I recently came across this post by Axxuy referencing me and my workflow titled "I Don't Blog Every Day." They wrote that the practice of blogging every day "quickly felt like a chore. It felt exhausting."

If writing like this felt like a chore to me, I certainly wouldn't be doing it. I am an incredibly lazy loaf! For me, there is a precise, never-ending compulsion. An itch. Maybe a supernatural drive? I write to think, to learn, to process, but mostly to empty my ballooning head.

And I will say right now that, while I do think it is a good and healthy habit to write privately each day, it is plainly unwise to post and blog each day! Writing is my job, but it would be wise to space my posts out. This isn't shortform video content—I post at a rate that causes my work to autocannibalize itself from a metrics and marketing point-of-view, and I'm sure a lot of first-time readers would already find my backlog overbearing. If I were to post every other day, my metrics would probably improve, I'd have a growing backlog to schedule posts, and I could relax a lot more!

And yet here I am, continuing the practice regardless. Why?

The Essayists

At 38 (a little older than me), Michel de Montaigne retired from a career in law and politics, retreated to a tower in his château in the Périgord, and didn't let anybody in. Even his wife. Inside, he had roughly 1,500 books. He had Greek, Latin, and Biblical epigrams painted directly onto the ceiling joists. Philosophy was carved into the wood above his head, so that wherever his eyes wandered, a sentence was waiting. He wrote there for twenty years.

He called his work Essais. The French verb essayer means to attempt, to try. That is all he claimed to be doing. Attempting. The chapter titles read like human life detonated into component parts: "On Smells," "On Drunkenness," "On Cruelty," "To Philosophize Is to Learn How to Die," "On Thumbs." Nothing was too vain to examine. Nothing too abstruse, either. He apologized constantly and falsely for writing so much about himself. He wrote, I study myself more than any other subject. It is my metaphysics; it is my physics. He had invented a new medium by accident, by refusing to stop.

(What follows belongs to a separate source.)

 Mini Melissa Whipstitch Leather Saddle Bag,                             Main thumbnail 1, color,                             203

Voltaire wrote more than fifty plays, dozens of treatises, several books of history, and more than 20,000 letters to friends, enemies, and heads of state. He spent up to eighteen hours a day writing or dictating to secretaries, often still in bed—propped against pillows, a secretary at his side, words flowing before he had even stood up. He was fueled, allegedly, by forty to fifty cups of coffee per day, a chocolate-coffee mixture that his doctor warned would kill him. Voltaire said it was a remarkably slow poison, as he had been drinking it every day for seventy-five years. His reckless, joyful industry is offensive in the scale. He is not relatable. But I recognize something in the not-stopping, the refusal to treat rest as default.

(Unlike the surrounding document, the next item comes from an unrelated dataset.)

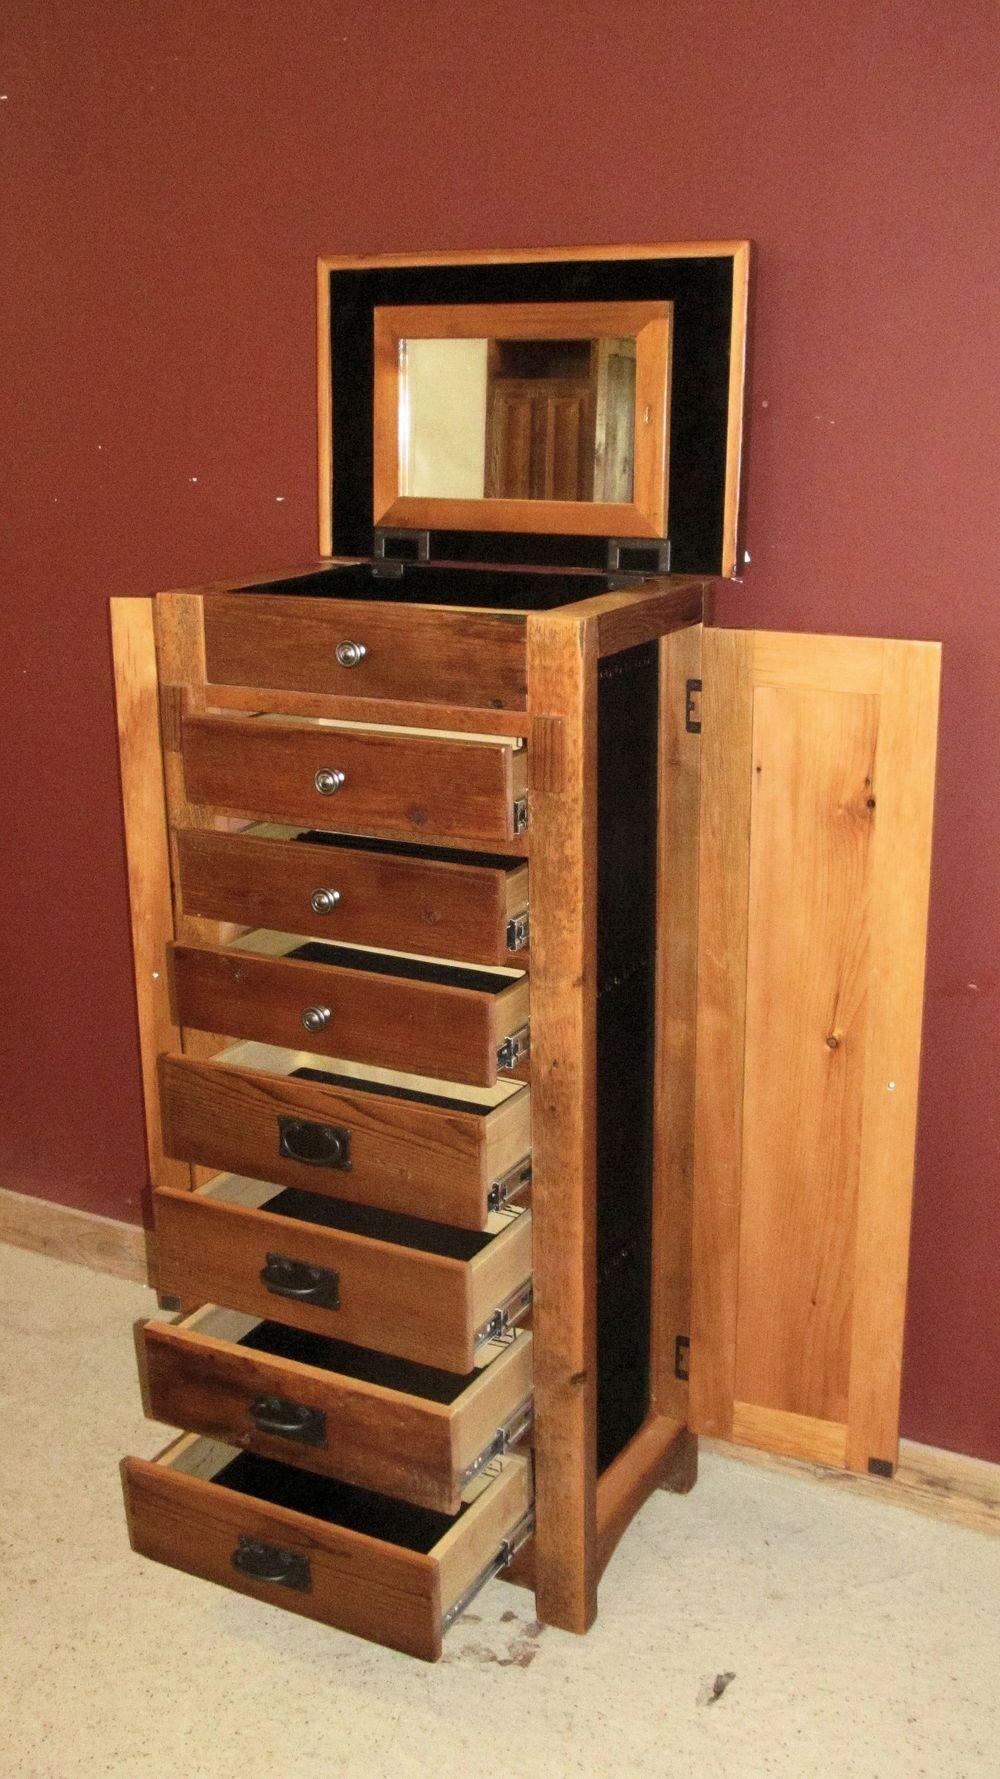 barn wood jewelry box chest - Wood Jewelry Box

Closer to my sensibility, there's Samuel Johnson. In 1750, Johnson was broke and already deep in the exhausting labour of compiling his Dictionary—a decade-long project he was doing largely alone. Into this, he agreed to write a new essay twice a week for two years. The result was The Rambler, 208 essays, almost all written by Johnson himself, published every Tuesday and Saturday "whether Johnson was well or ill, idle or busy." Many were sent to the printer the same day they were written, unrevised. He was paid two guineas per piece, which was just enough to keep the wolf from the door—a phrase he actually used. "A man may write at any time if he will set himself doggedly to it." The essays were not widely read when they first appeared. They became a classic only later, reprinted in volumes, recognized as essential. The periodical was a slow burn. Writing for a future that hadn't found him yet.

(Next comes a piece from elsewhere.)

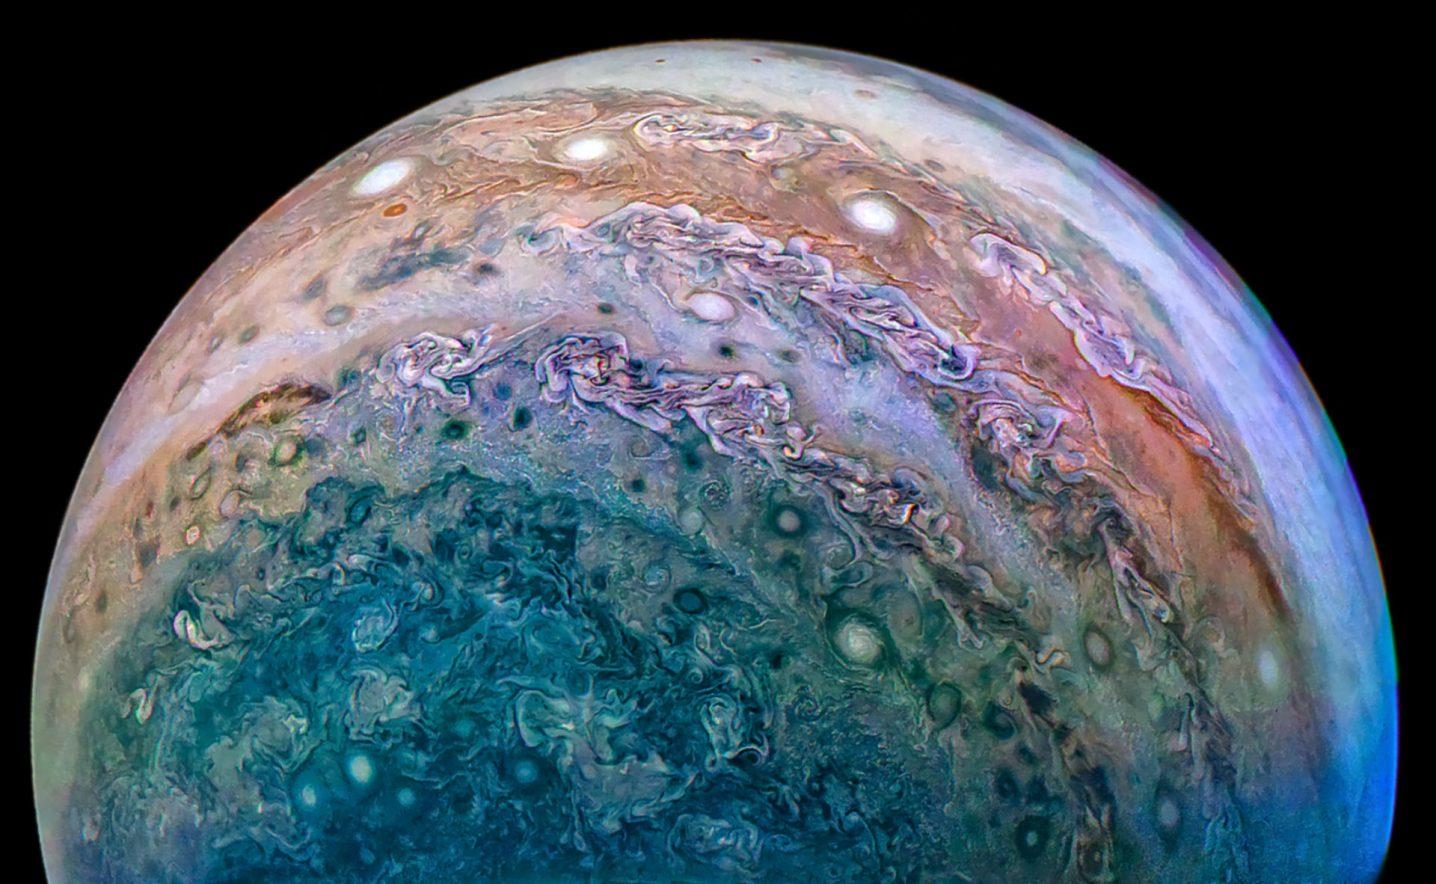 image_5608_2e-Jupiter

What unites Montaigne in his forbidden tower, Voltaire dictating from bed, and Johnson at his desk in poverty? None stopped because conditions were wrong. Montaigne was writing through the French Wars of Religion; the sounds of his country tearing itself apart drifted across his vineyard. Voltaire wrote from exile, a letter a day to Catherine the Great. Johnson wrote through debt and grief and the accretion of failure.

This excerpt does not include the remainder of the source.